The following are the steps and the required files to run the example:

Steps

Files Used

Description

Installation

requirements.txt

Install the necessary package for this example.

Preparation

prepare_model_data.py, resnet_utils.py

The script prepare_model_data.py prepares the model and the data for the rest of the tutorial.

  1. To prepare the model the script converts pre-trained PyTorch model to ONNX format.

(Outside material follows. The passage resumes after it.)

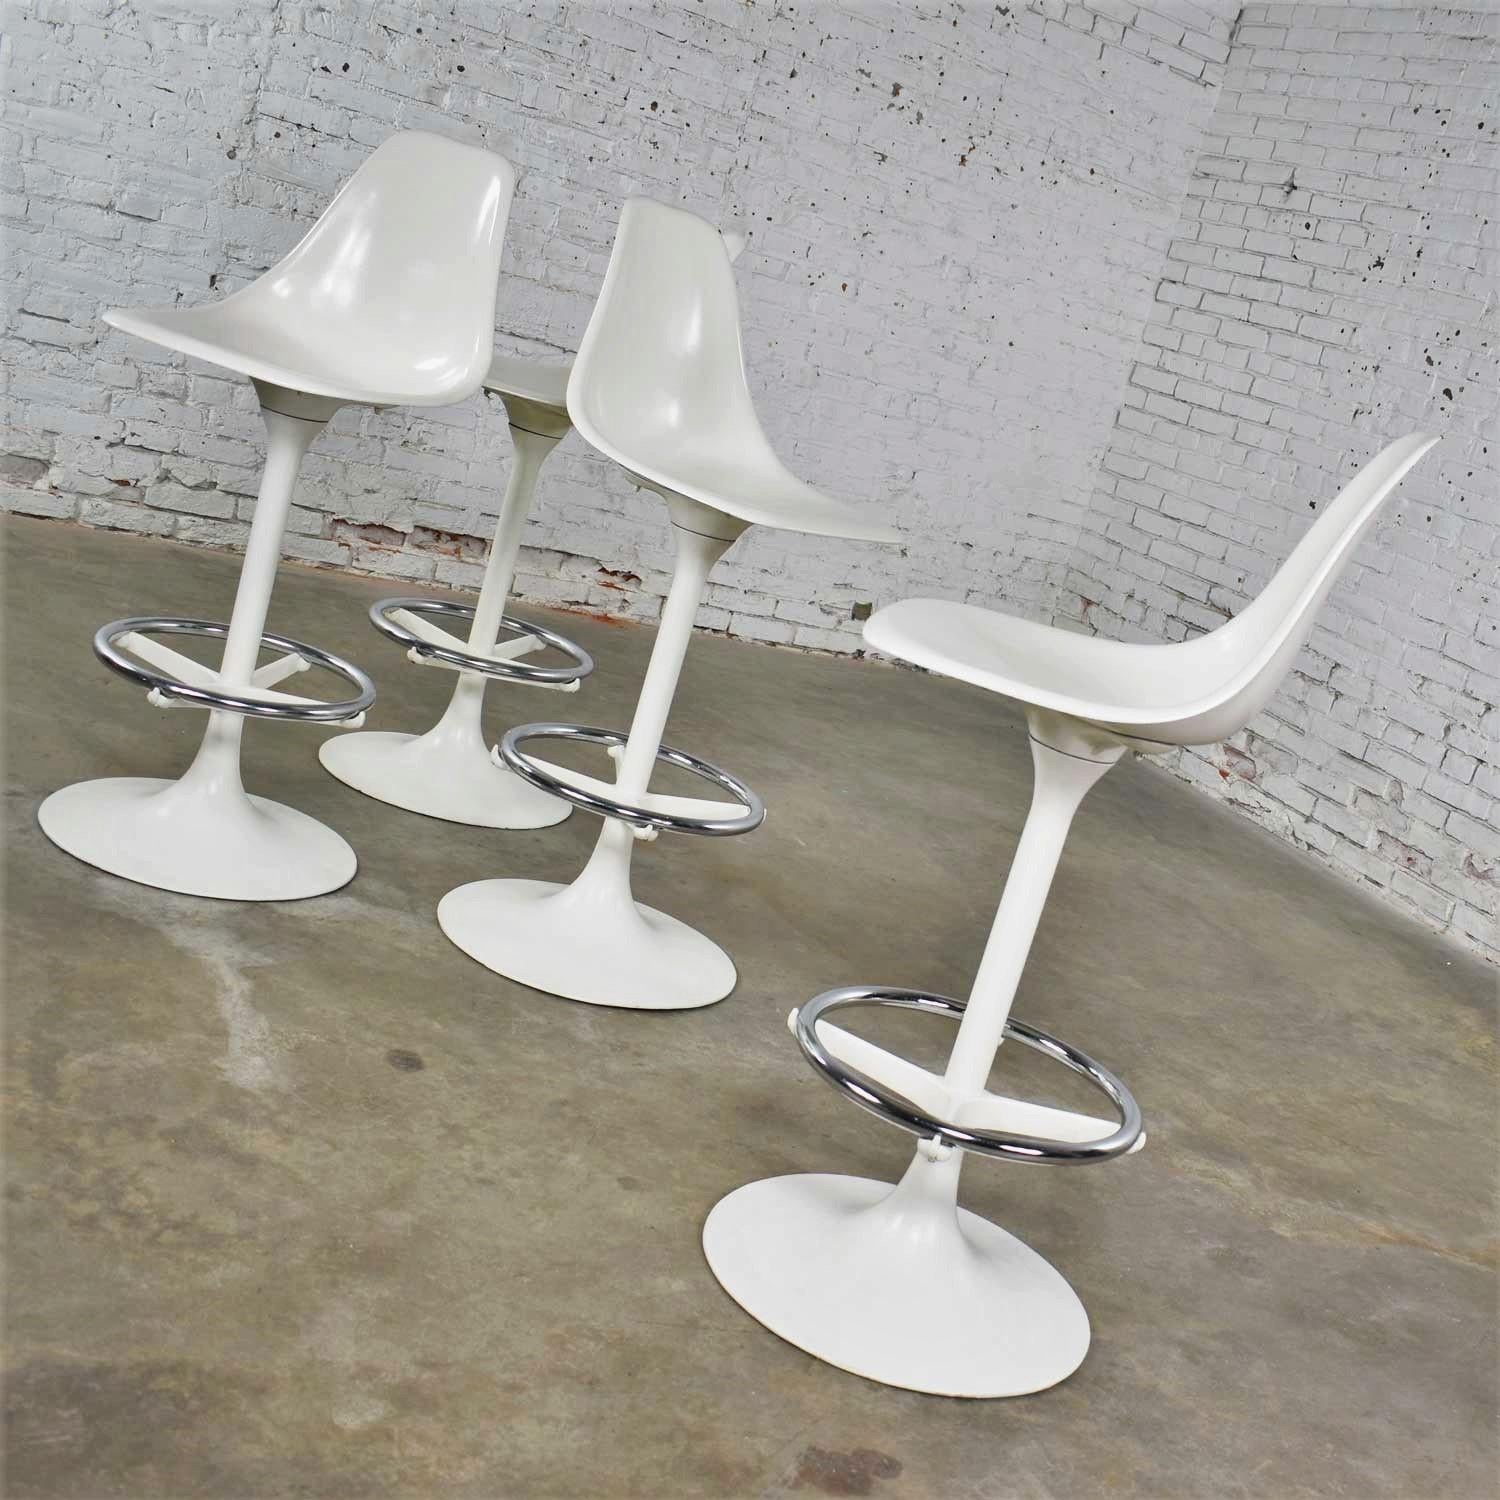 American 4 Tulip Style White Swivel Barstools by Arthur Umanoff for Contemporary Shells

  2. To prepare the necessary data the script downloads and extract CIFAR-10 dataset.

Pretrained model

models/resnet_trained_for_cifar10.pt

The ResNet model trained using CIFAR-10 is provided in .pt format.

Quantization

resnet_quantize.py

Convert the model to the NPU-deployable model by performing Post-Training Quantization flow using VitisAI ONNX Quantization.

Deployment - Python

predict.py

Run the Quantized model using the ONNX Runtime code. We demonstrate running the model on both CPU and NPU.

Deployment - C++

cpp/resnet_cifar/.

This folder contains the source code resnet_cifar.cpp that demonstrates running inference using C++ APIs. We additionally provide the infrastructure (required libraries, CMake files and headerfiles) required by the example.



Step 1: Install Packages#

  • Ensure that the Ryzen AI Software is correctly installed. For more details, see the installation instructions.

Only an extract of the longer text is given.